"No one expects much elegance from an invalid whose illness costs her husband so much money."

Frau Herbert cast a glance at her husband, but she said not a word more. For one moment she leaned her weary head against the back of her chair, but the position was too uncomfortable, and she resumed her work, thinking with pain how the physician had imperatively recommended her to procure a more comfortable chair, in which she could sleep sitting up,--but now this small luxury, as well as all the rest, had been denied her!

Suddenly the door opened, and in rustled and fluttered a creature half child, half old maid,--half butterfly, half bat. Around her head floated a mass of very light curls. A nez retroussé gave to her face a naïve air of youthfulness, which, however, the crafty, eager expression of her small eyes contradicted. Just so her teeth, short and wide apart, resembled those of a young child who has shed his first set, while the wrinkles about her thin, open lips indicated an age of thirty years at least. The figure, crowned by this strange head with its huge mane of curls, was delicate and slender as that of a half-grown girl. Her hands were small, but wrinkled like those of an old woman. She was dressed in thin, flowing garments,--her round straw hat was adorned by long, light-brown ribbons. Her gait, bearing, and address were light, airy, sylph-like. It was evident at the first glance that she was a creature who believed herself highly poetic, richly gifted, breathing a charmed atmosphere, and that although she might in reality be thirty years old she had in imagination never passed sweet sixteen. Such a creature is only conceivable with a sheet of music or a sketch-book in her hand; and, in obedience to a mysterious law of nature, this too was not wanting in the present instance. "Brother, darling!" she cried, skipping up to Herbert, "how charming you are in your new coat! Aha, are you going to the Möllner's reception this evening? Yes!" Trilling a little air, she laid aside her book, hat, and gloves. "Tra-la-la-la--oh, I am so happy to-day I cannot talk, I can only sing." And she hummed the refrain of the charming song by Taubert, "I know not why, but sing I must!" Then she remembered that she had not yet spoken to her brother's wife. "Oh, dear Ulrika, forgive me for not asking how you are. No better yet? Ah! your little Elsa is so agitated to-day! I feel--I can't tell how--my bosom heaves and thrills as with the breath of May! I must go to my work. To-day I feel sure, in my present frame of mind, I must create something!"

And she was about to hover away to the blissful retirement of her own room, when Herbert, who had meanwhile exchanged his new coat for a light summer sacque, cried after her, "Stay here a moment, and speak at least one sensible word before you go."

She paused.

"What are you going to attempt now? I am really afraid to trust you by yourself."

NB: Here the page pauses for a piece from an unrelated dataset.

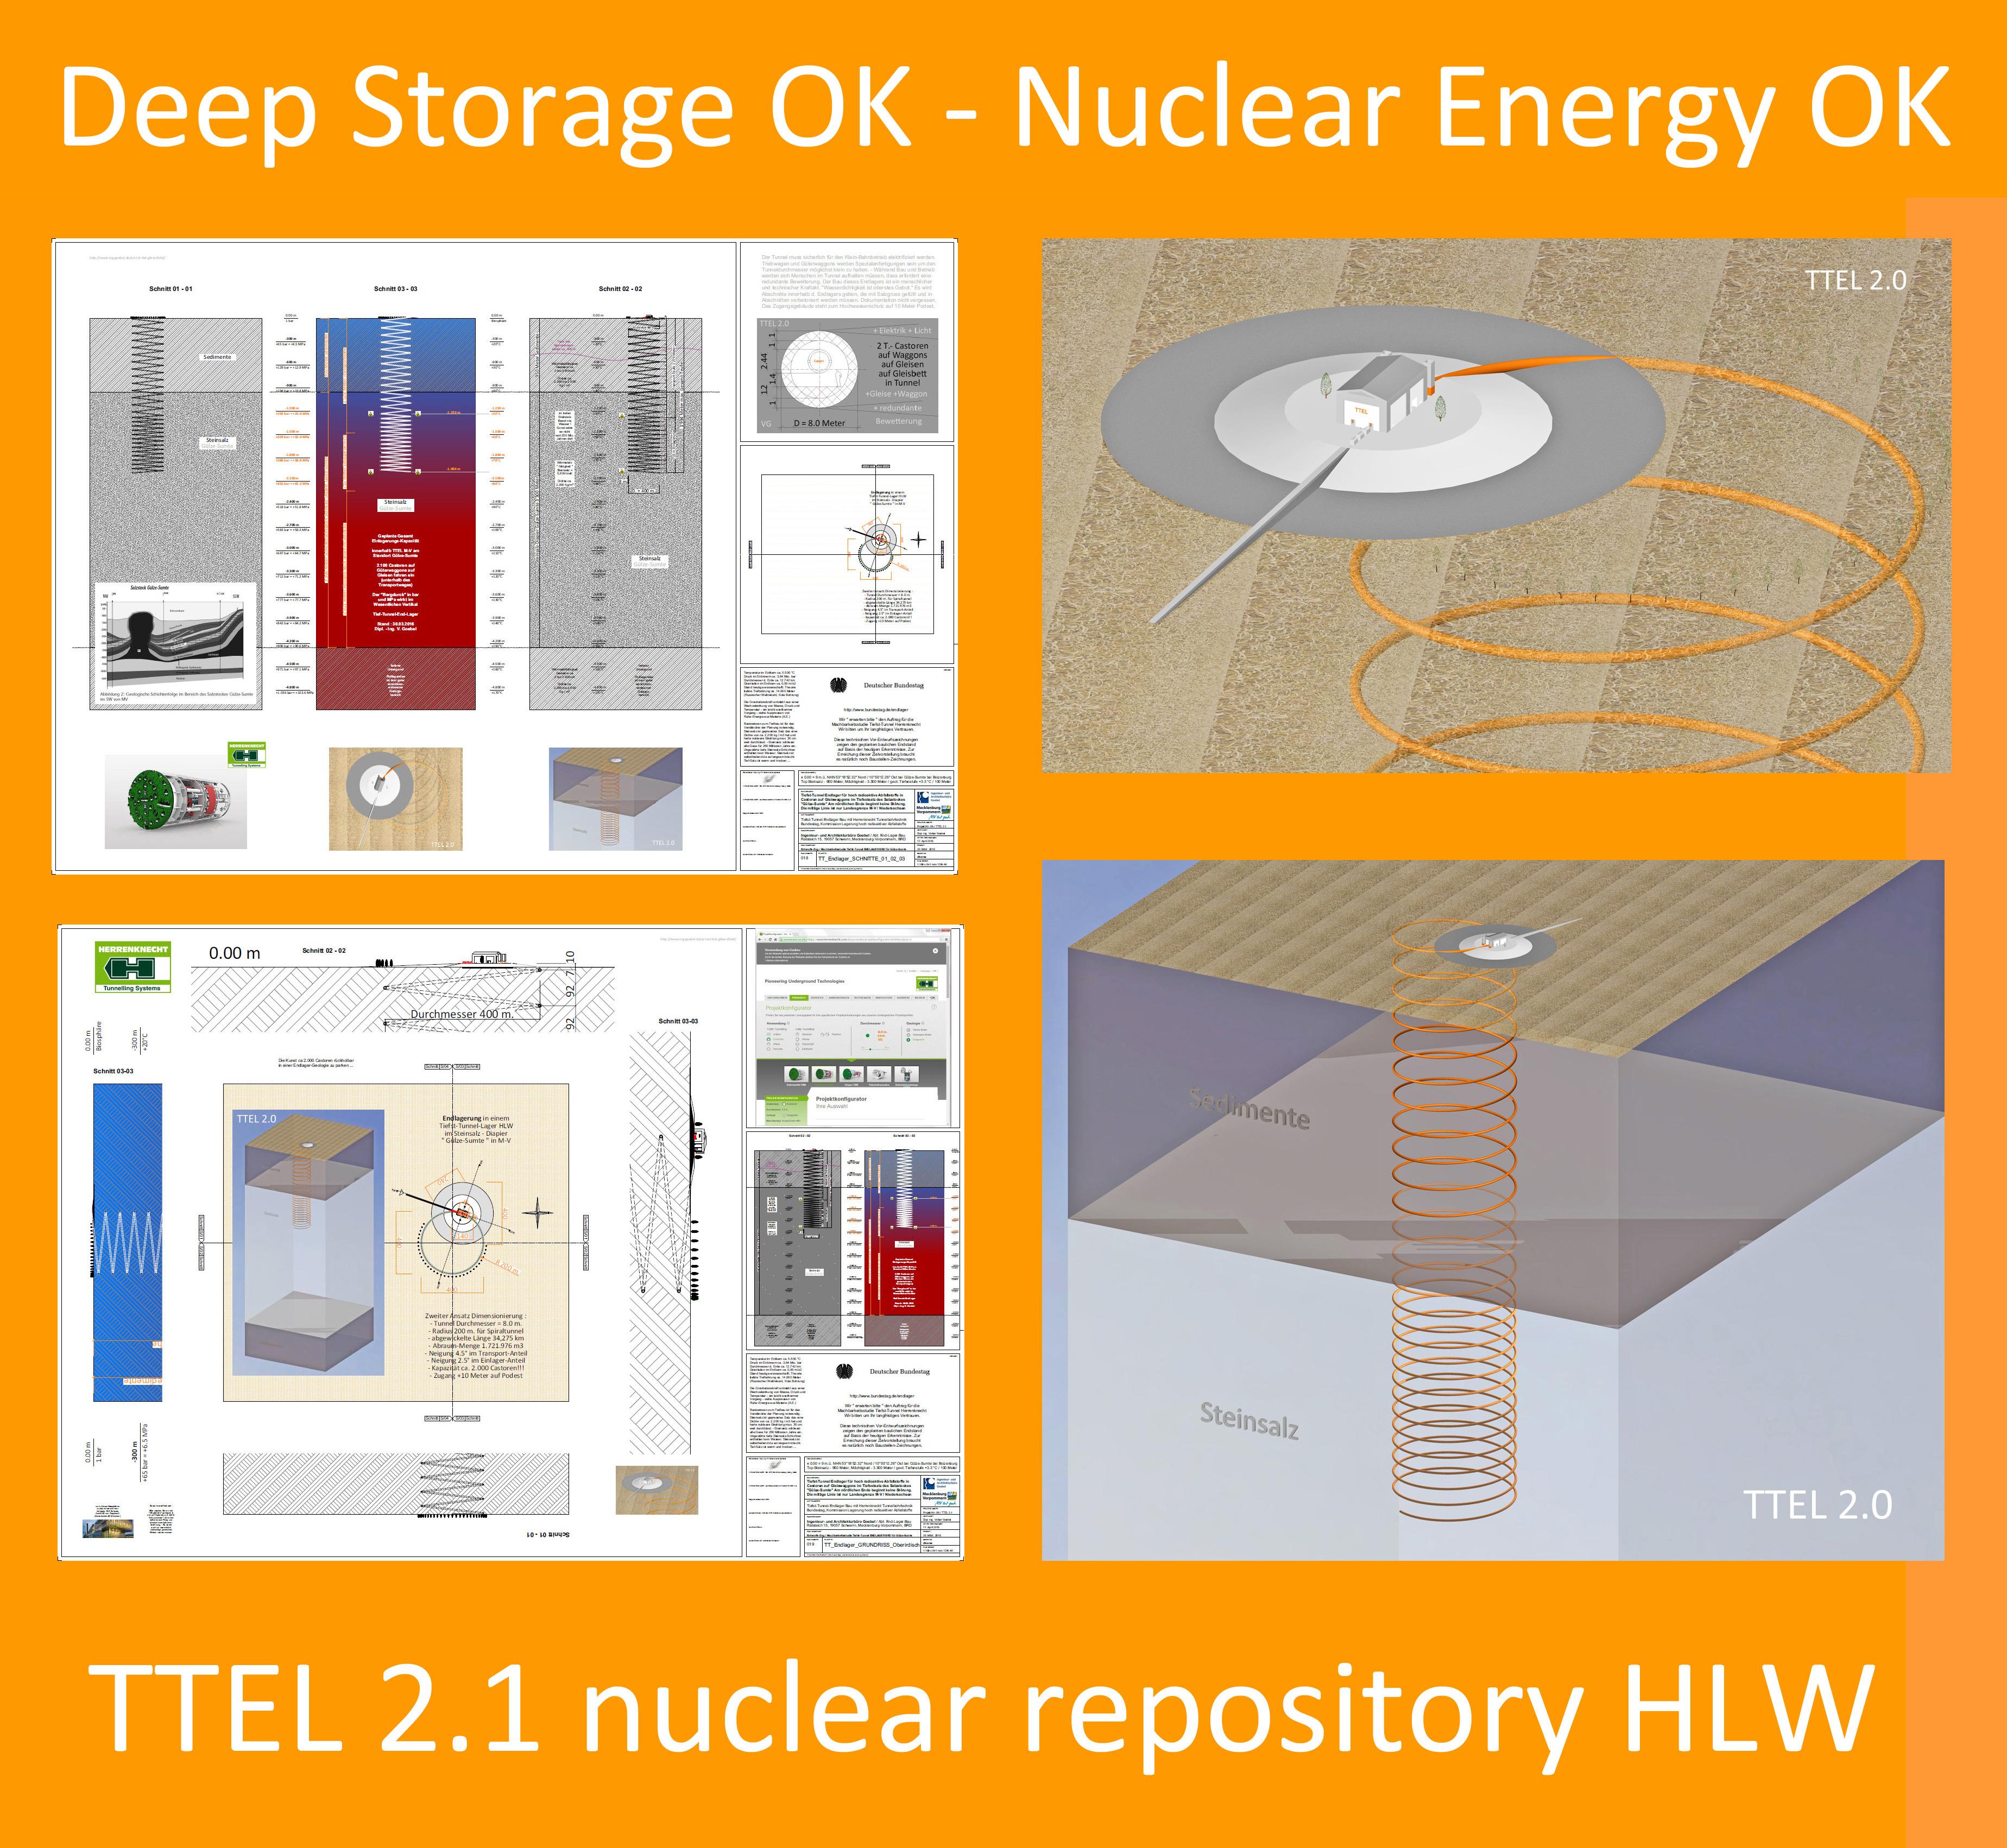 http://www.volker-goebel.biz/OK_TTEL_2.1_Nuclear_Repository_Rocksalt.jpg

She skipped up to her brother again and roguishly laid her finger on his lips, looking archly in his eyes. "Dearest brother, I shall surprise you! I have an idea!"

"Pray cease your folly for the present. You do not want to flirt with your brother, I hope? Tell me, what is your idea? If it is good for anything, it will be the first of its kind that you have ever had in your head."

"Oh, you discourteous brother!" pouted the fair indignant, "to grieve your sister so! But, since you bid me, I will obey you, and give you a glimpse into the transparent depths of an artist's soul. Every maiden must practise the sweet duty of obedience, that she may one day gladden a husband's heart by her submission."

"Well, well, to the point!" cried Herbert impatiently.